Fig. 5: Evaluation of kNeighbor benchmark

(4) Speedup obtained in the total application time, which includes the time for the iterations, load balancing strategy and migration.

Here we consider speedup with respect to the baseline where no load balancing is done (NoLB), and it is defined as the ratio of the time for NoLB to that for a specific strategy.

## 4.2. Comparisons using kNeighbor

kNeighbor is a micro-benchmark with a near-neighbor communication pattern. In this benchmark, each object exchanges 32KB sized messages with a fixed set of objects in every iteration. The communication pattern of the objects can be a disconnected graph. Each object is assigned computational load such that less than 3% processors are heavily loaded. The load of heavy objects can be up to 5 times the average load of the objects in the system.

In this section, we present results for the kNeighbor micro-benchmark running on Vulcan. For these experiments, the number of objects is eight times the number of processors. The baseline experiment is referred to as *NoLB*, where, no load balancing is performed and the runtime system does a static mapping of all objects to processors, attempting to assign equal number of objects to each processor.

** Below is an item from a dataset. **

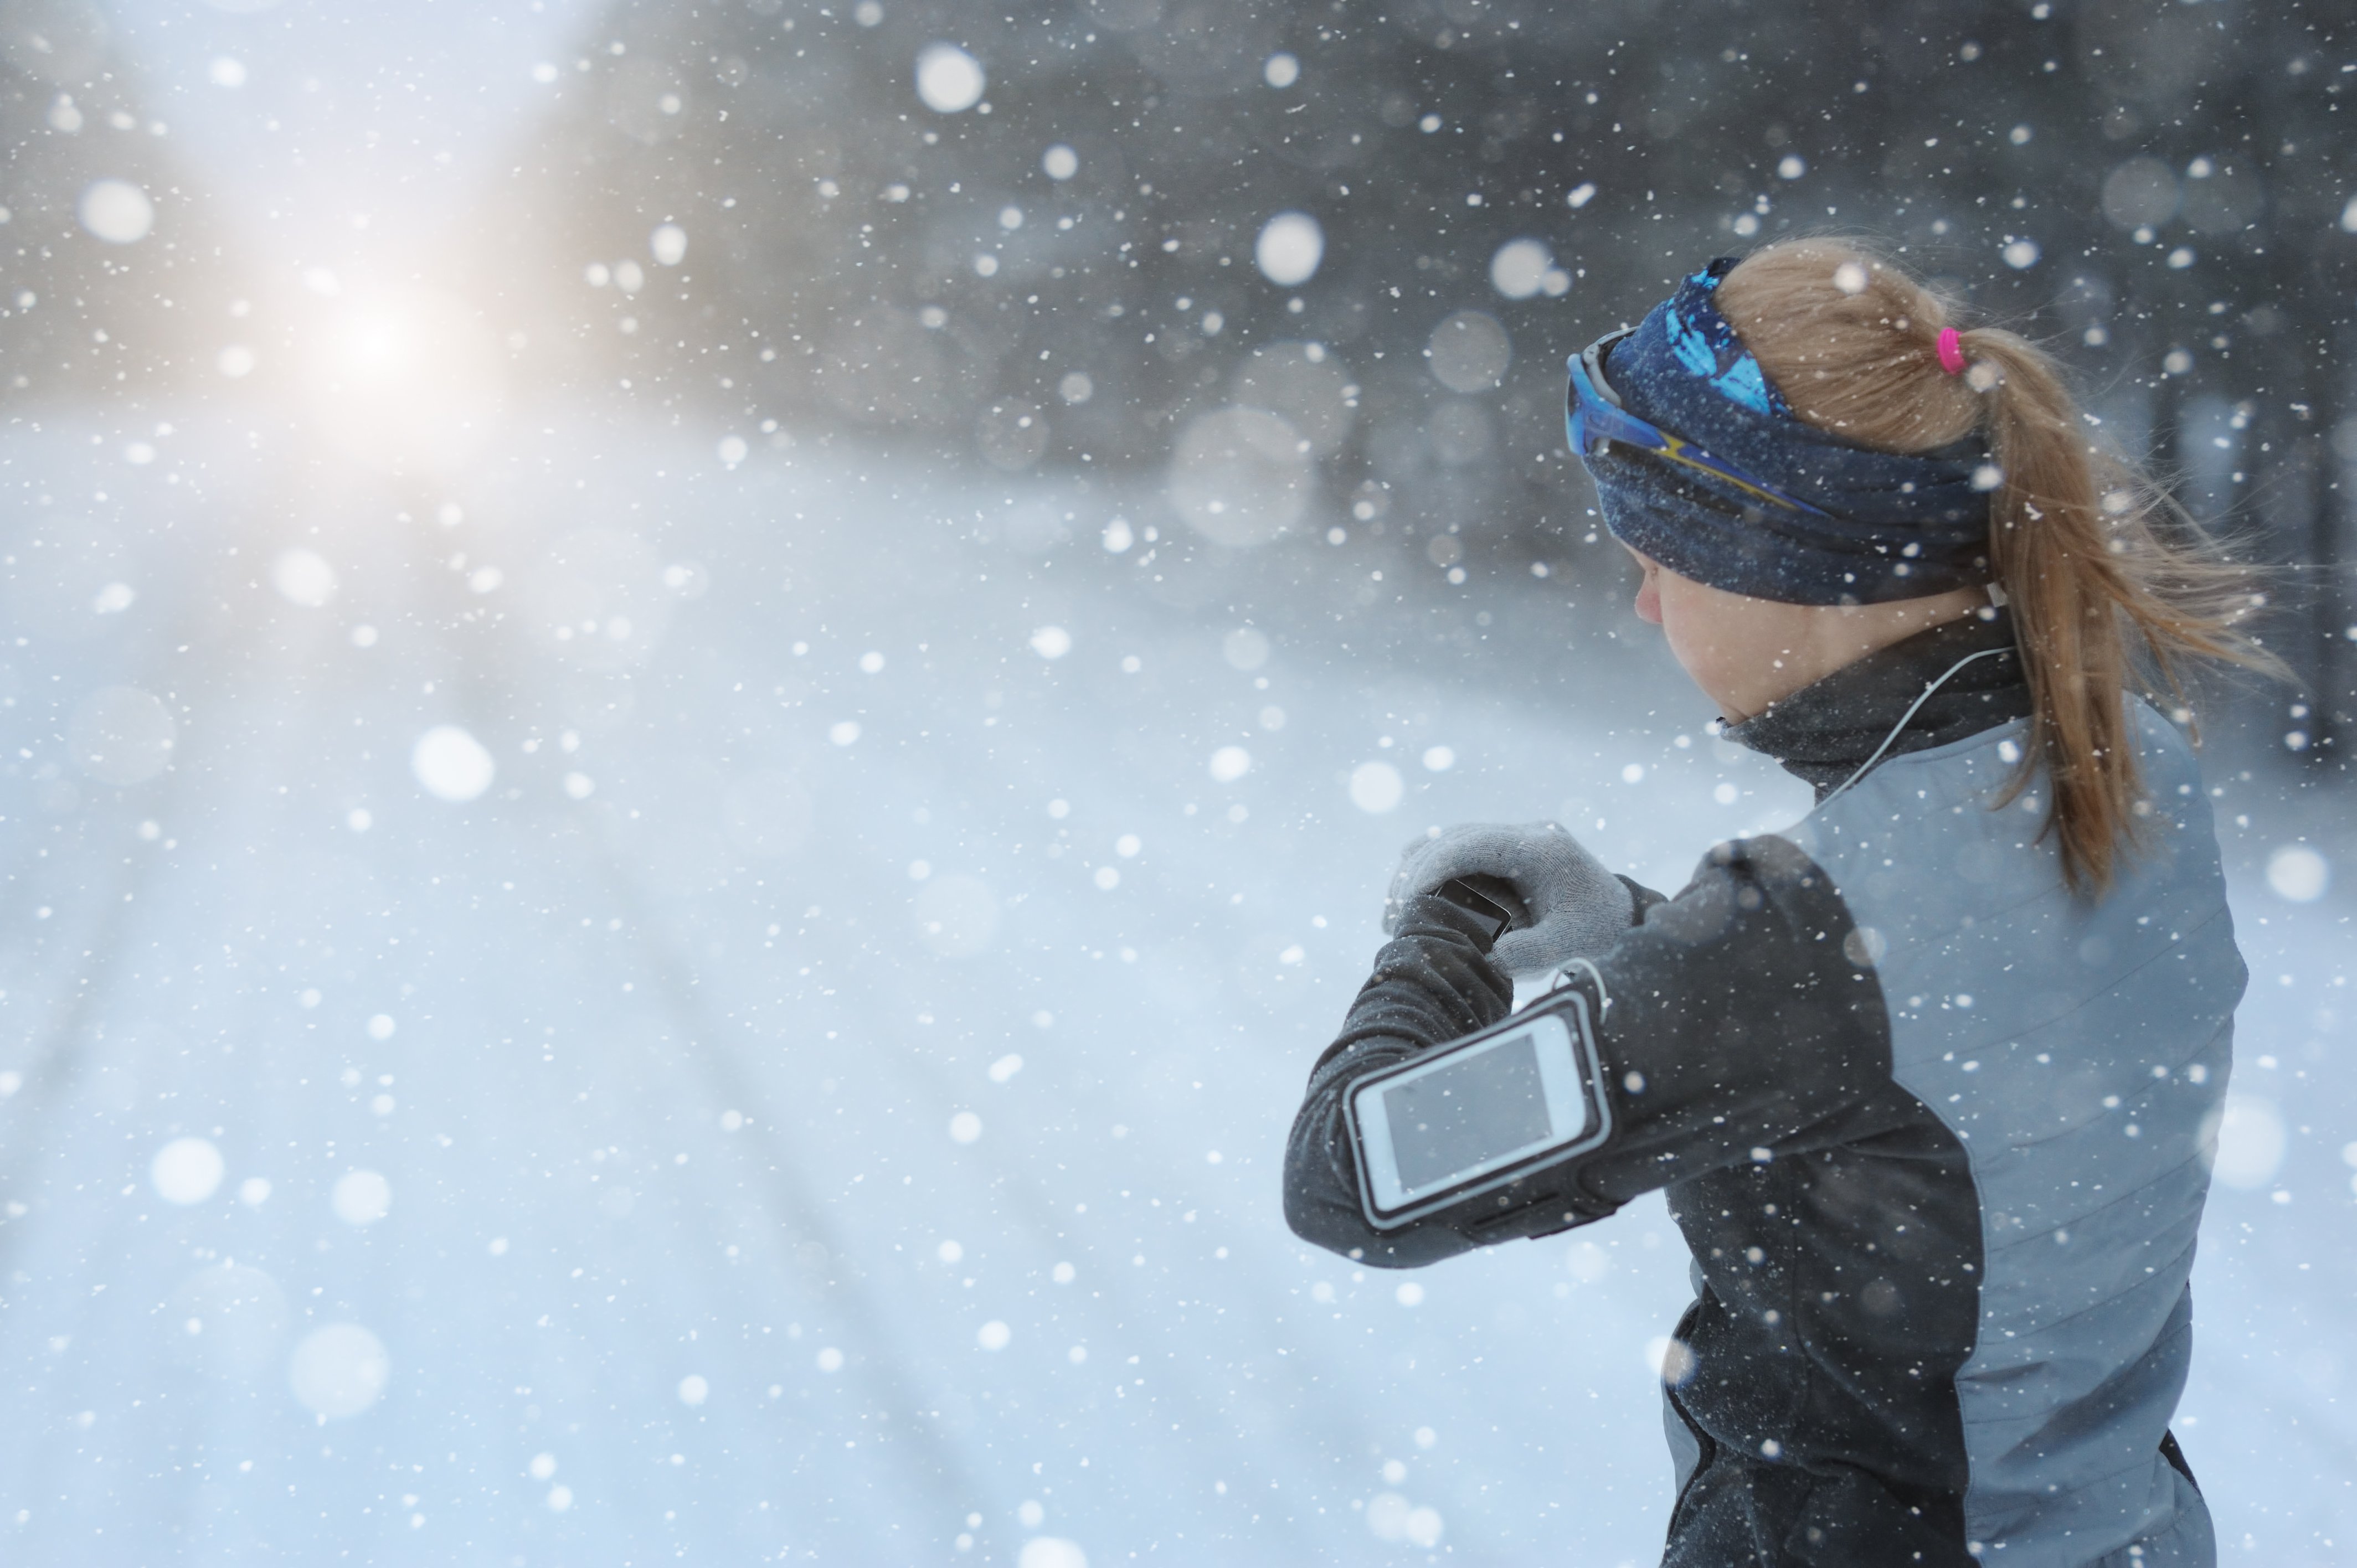 Runner wearing smart phone and watch in snowy conditions

Figure 5(a) demonstrates the capability of graph partitioning based load balancers in mapping communicating objects to the same processor. Communication between objects on the same processor is called local, whereas, between objects on different processors is considered remote. This figure presents the ratio of remote to local communication for different load balancers. We can see that graph partitioners succeed in maintaining this ratio less than one i.e. restricting communication to within a processor as much as possible. In contrast, for other load balancers, this ratio is at the least five orders of magnitude higher denoting excess of remote communication.

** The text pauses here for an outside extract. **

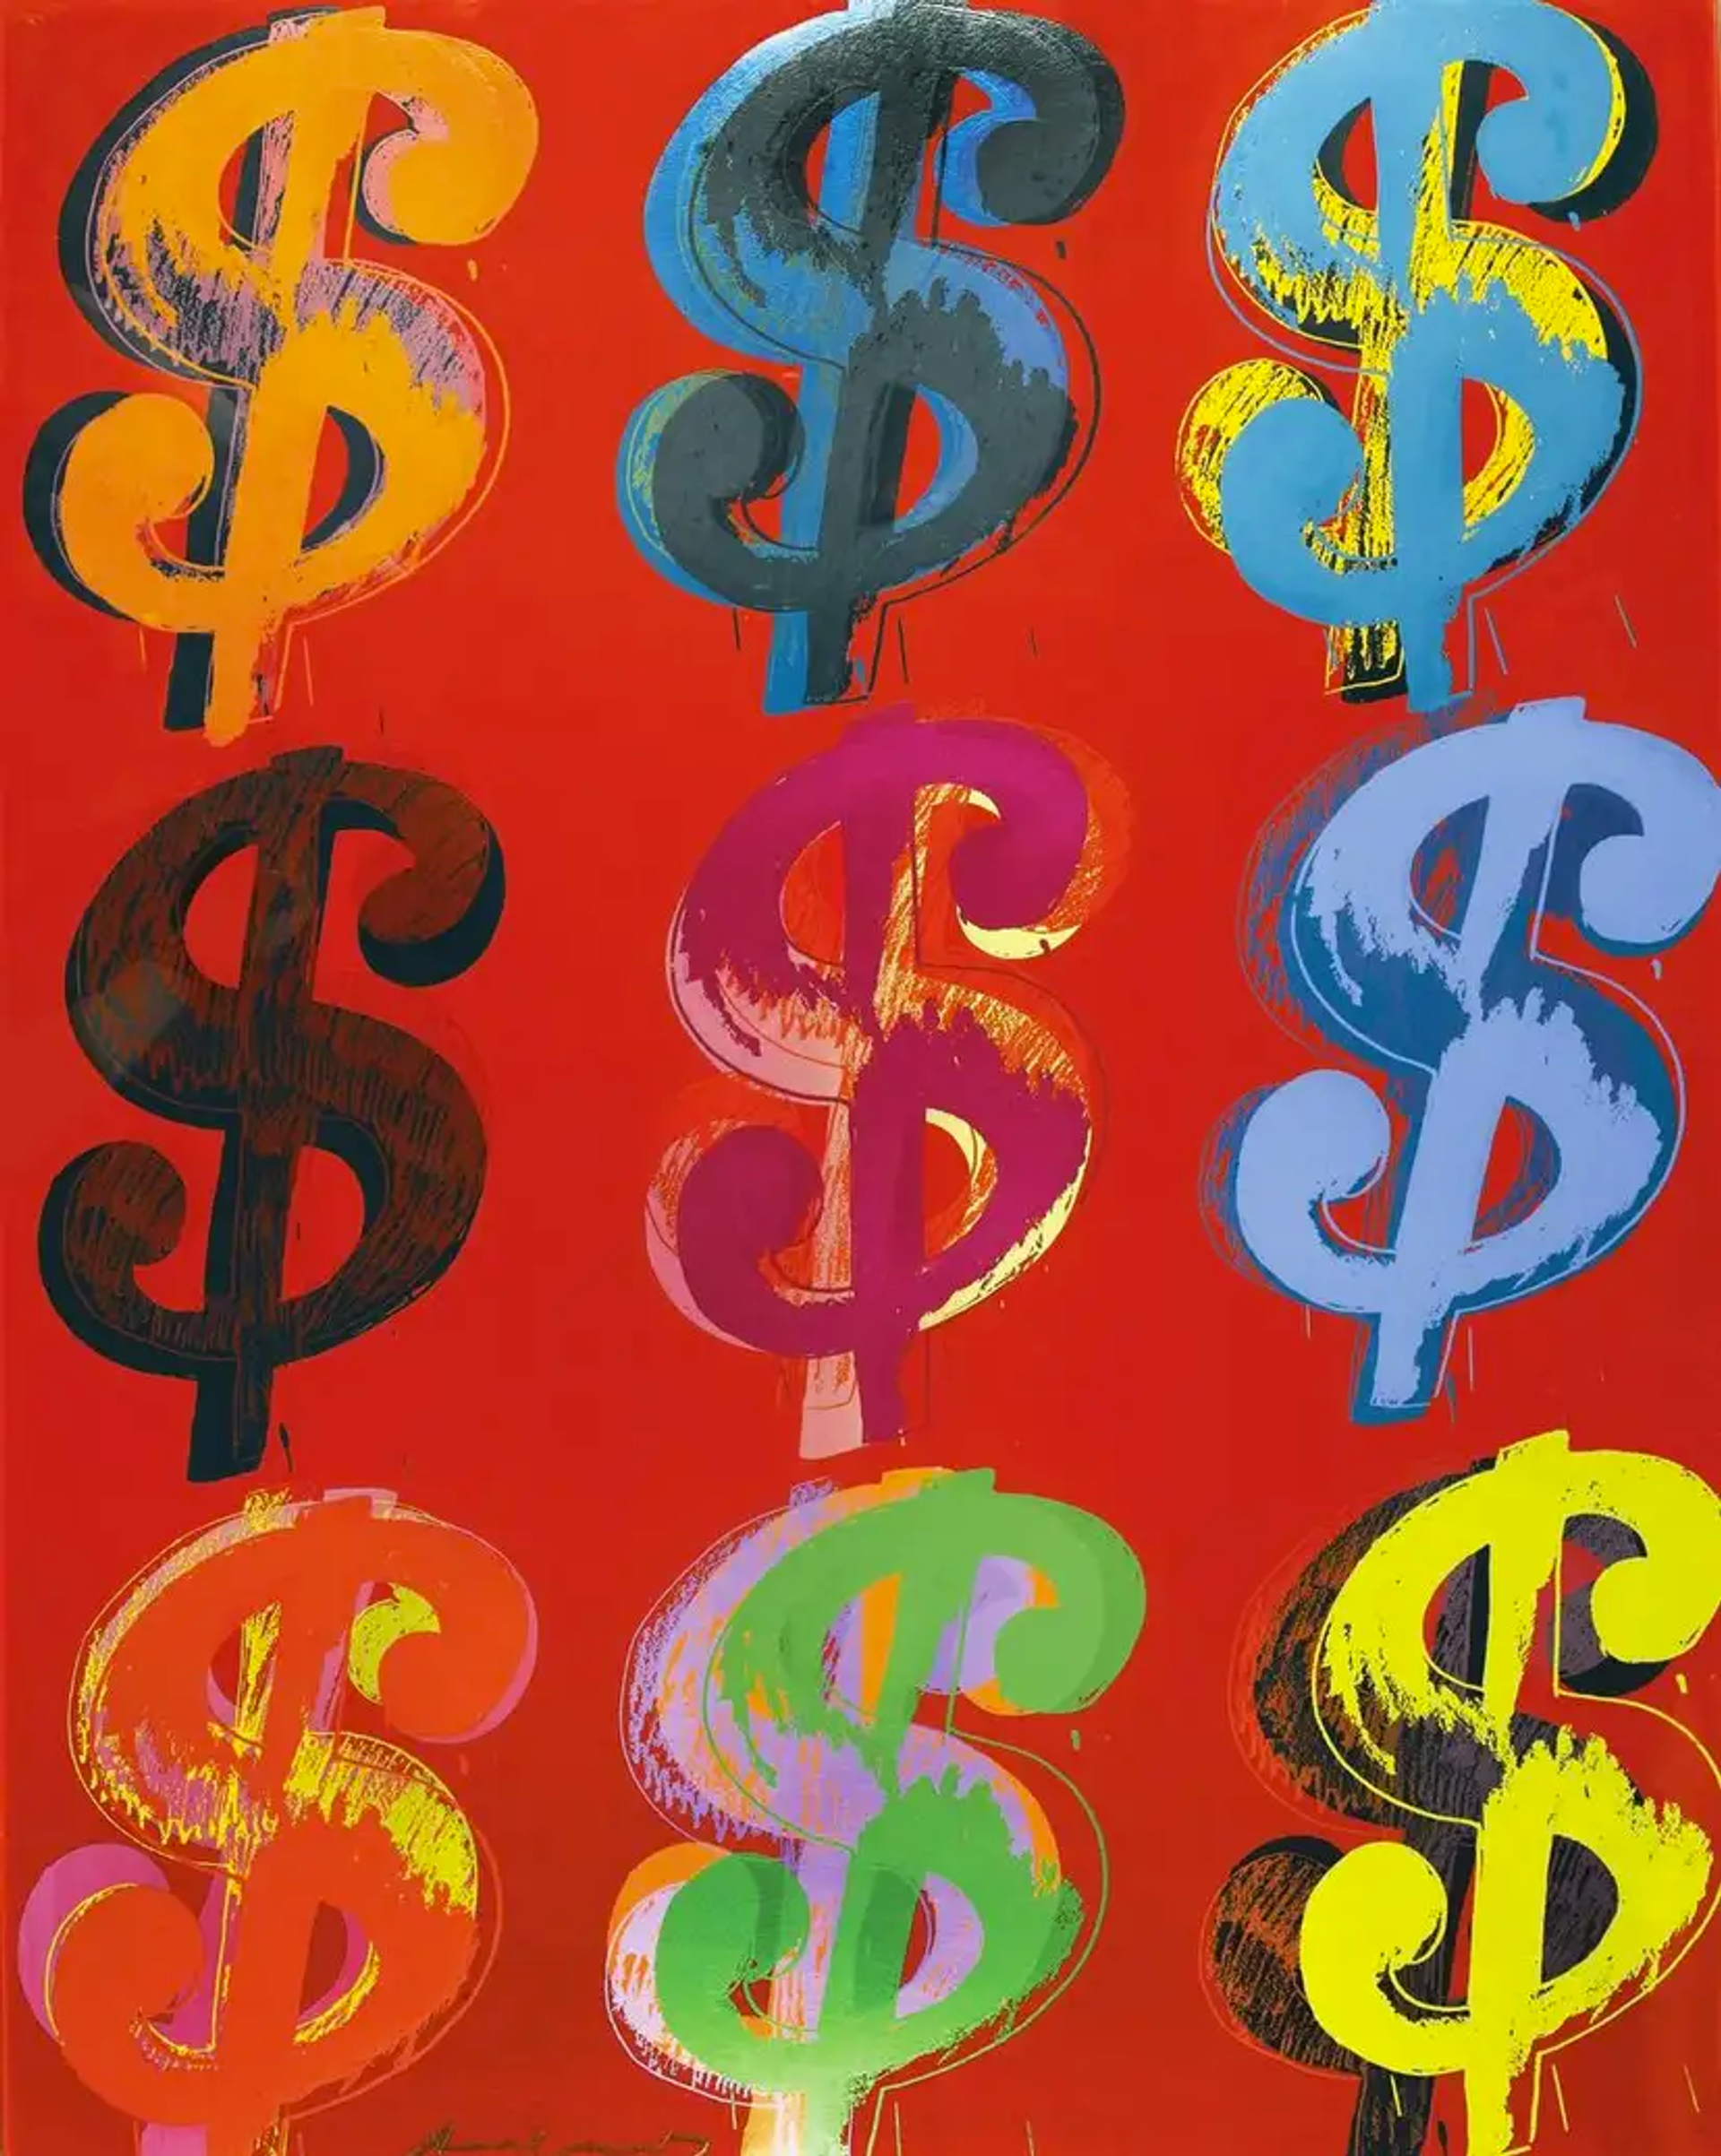 This print by Andy Warhol shows a series of dollar signs in various colours against a red background.

Figure 5(b) presents the number of migrations as a result of performing load balancing. RefineLB, which considers the existing mapping, successfully reduces the number of migrations. However, there exists a tradeoff between reducing the number of migrations and improving application performance. RefineLB, which performs the least number of migrations, suffers from performance issues as it migrates without taking the communication of the objects into account. ZoltanRefineLB is also able to considerably reduce the migration but we will see in Figure 7(b) that its performance is lesser



Fig. 6: Load balancing cost per load balancing step for kNeighbor

in comparison ZoltanLB. For this benchmark, ScotchRefineLB is not able to reduce the number of migrations because repartitioning of disconnected graphs is more challenging.

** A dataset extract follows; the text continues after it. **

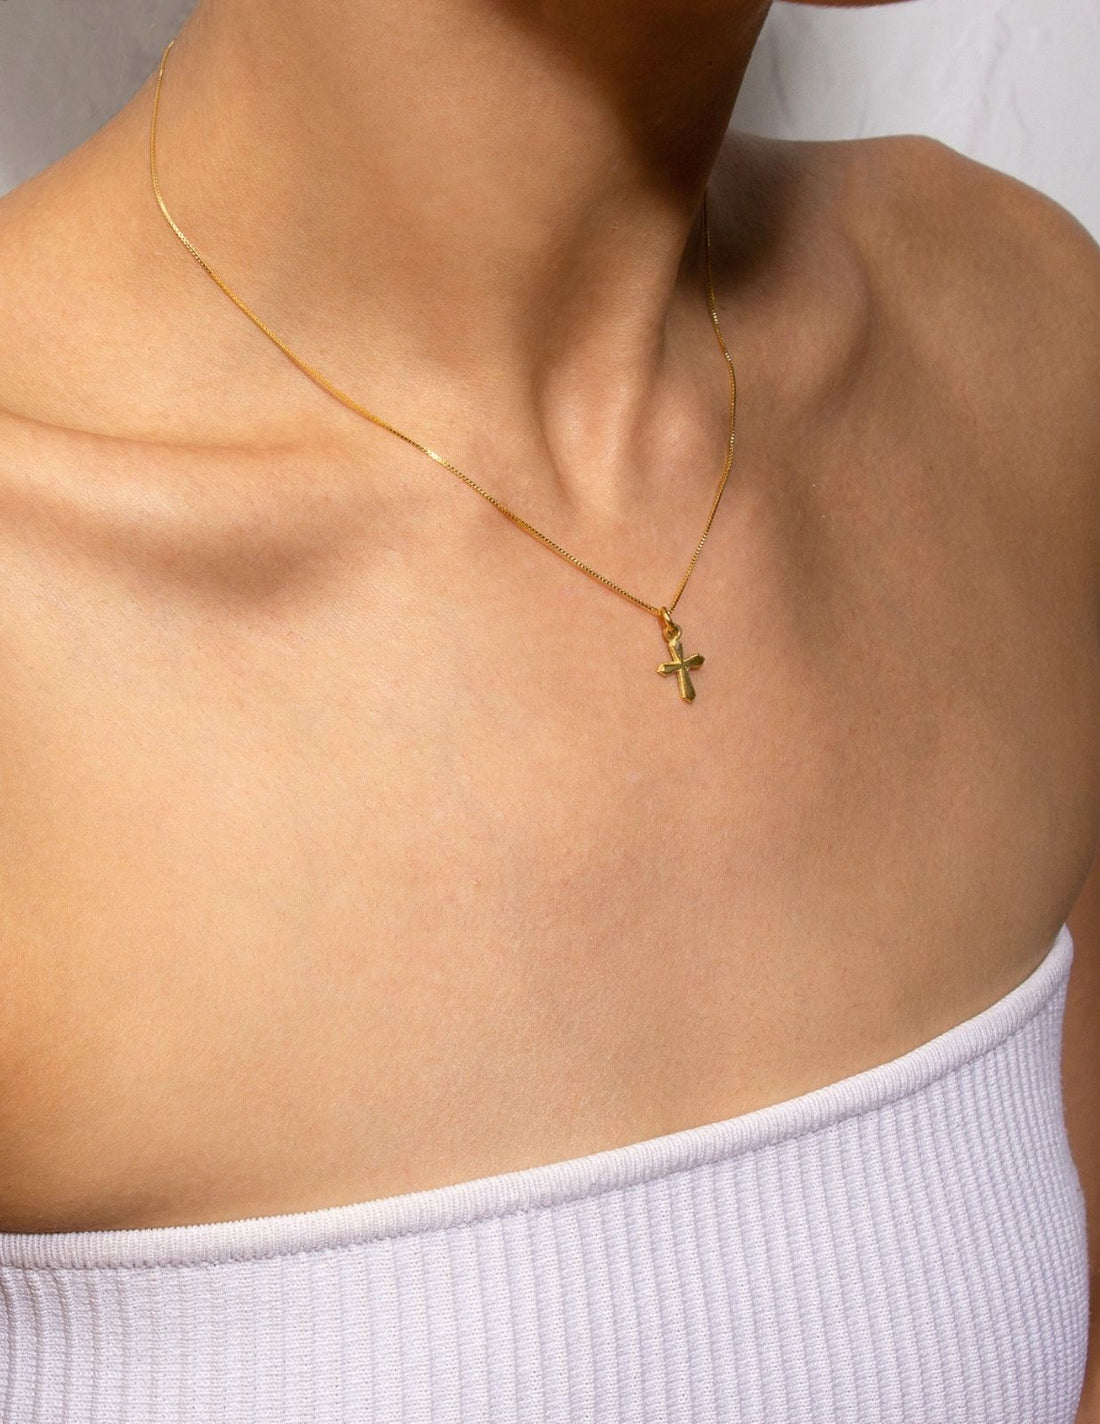 10k cross with chain canada, gold cross necklace canada, gold cross necklace toronto

Next we compare the time spent in the load balancing strategy, which includes the time for migration and the load balancing strategy (see Figure 6). We find that, as the number of cores increases, the strategy time as well as the migration time for all the load balancers increases. In some cases RefineLB and ZoltanRefineLB has the least migration time because it is successful in reducing the number of migrations in comparison to other strategies. RefineLB also has the smallest strategy time among all but does not improve performance. Graph partitioning based load balancers, in general, incur a higher cost. This overhead, however, is not significant and is offset by the better performance that the application achieves when using them.

An indicator of load imbalance in the system is the ratio of maximum load to average load. Therefore, we define the load imbalance metric I to be:

$$I = \frac{L_{max}}{L_{avg}} \tag{1}$$

Figure 7(a) shows the value of the load imbalance metric, I, for different load balancing strategies. We see that GreedyLB and RefineLB, which consider only the computation load, have a value of I around 1.05. Metis and Zoltan based load balancers have higher I value of 1.5 and above. SCOTCH based load balancers achieve an imbalance metric value of 1.05 similar to that of GreedyLB and RefineLB while also taking the communication into account. As a result, in Figure 7(b) we can see that the load balancers based on SCOTCH consistently outperform all the other load balancers. Since the process graph for the kNeighbor micro-benchmark is a disconnected graph with high imbalance of vertices, the traditional graph partitioning algorithms suffer from load imbalance. The high speedup of SCOTCH based load balancers, in comparison to others, is due to the addition of the greedy algorithm for reducing load imbalance. We found that the STRAT\_BALANCE strategy of SCOTCH with an imbalance tolerance of 5% gave the best performance.

:14 H. Menon et al.



Fig. 7: Load imbalance and Speedup for kNeighbor on Vulcan



Fig. 8: Speedup in the total execution time

Finally, Figure 8 presents results for an end-to-end execution of the kNeighbor micro-benchmark. For these runs, we perform load balancing once every 500 iterations. The application time is the sum of the times for all the iterations and the load balancing time, which includes the strategy time and the time for migration of objects. We can see in Figure 8 that the ScotchLB and ScotchRefineLB consistently obtain the best performance on all system sizes. ScotchLB and ScotchRefineLB gives a reduction



Fig. 9: Evaluation of BT\_MZ on Steele

in total execution time of up to 25% in comparison to the best among other load balancers. When compared to the baseline, NoLB, ScotchLB and ScotchRefineLB give 80% reduction in execution time (overall speedup of up to 5).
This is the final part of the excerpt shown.